Don't hold back - fire away if you have known problems. You saw
the discussion with John; I'm addressing those comments but will
not rewrite other parts. So it could well be that your comments
are still valid even for -04.
Ok. First of all, have a look at my message from october 24th, some
comments are still valid.
This draft works per-context exclusively. So if there are 2, 5 or 10
contexts between two hosts, this means 2, 5 or 10 times the amount of
work is done.
I think it makes sense to see whether the mechanism can be made to be
more general, so that it can be used for other applications as well,
ranging from MIP (as indicated in the applicability draft) to tunnel
maintenance and maybe even peer-to-peer applications. However, it's
important that there is fate sharing between the reachability
protocol and the user protocol (shim in our case). I think this can
be solved by having the quick reachability verification stuff (= FBD)
encapsulated in the user protocol, but let the full path exploration
be a protocol of its own or live under ICMPv6 or some such. However,
this introduces some issues with knowing whether the same
correspondent lives at different addresses.
In any event, I think just ignoring the possibility that there are
multiple contexts between two hosts isn't good enough.
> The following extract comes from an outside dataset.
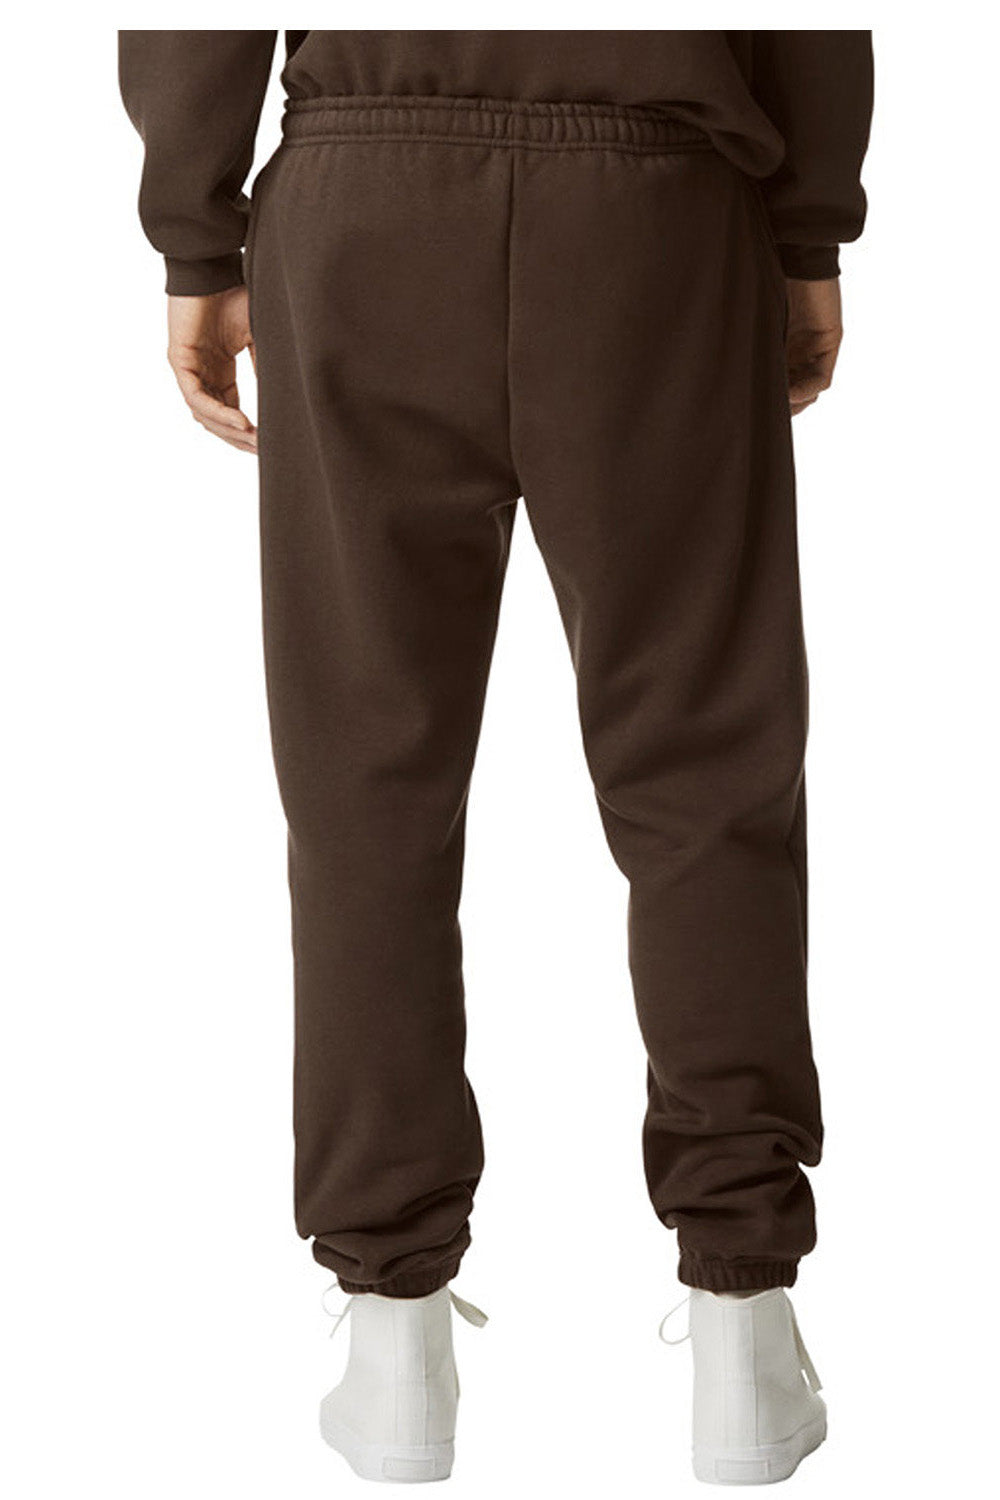 American Apparel RF491 Mens ReFlex Fleece Sweatpants w/ Pockets Brown Model Back

The issue of
avoiding "reachability probe storms" is somewhat related to this, and
also not addressed in the draft.
Another thing that's missing completely from this draft is a
discussion of how to use address pair preference information. This
makes it impossible to address traffic engineering needs.
I believe section 3 (related work) is at best unnecessary and may
even confuse the reader. The same is true of much of section 4
(definitions). Implementers know which addresses are usable and which
aren't, at least for the most part, so covering this in such detail
is superfluous. Things like "Both types of operational pairs could be
discovered and monitored through the following mechanisms:" have no
place in a protocol specification document, in my opinion. These need
to specify what IS, not what COULD be.
I suggest tightening the use of words like "operational", "work",
"reachable". They're mostly used interchangably in the draft.
4.5. Miscellaneous
Addresses can become deprecated [3]. When other operational
addresses exist, nodes generally wish to move their communications
away from the deprecated addresses.
Similarly, IPv6 source address selection [6] may guide the selection
of a particular source address - destination address pair.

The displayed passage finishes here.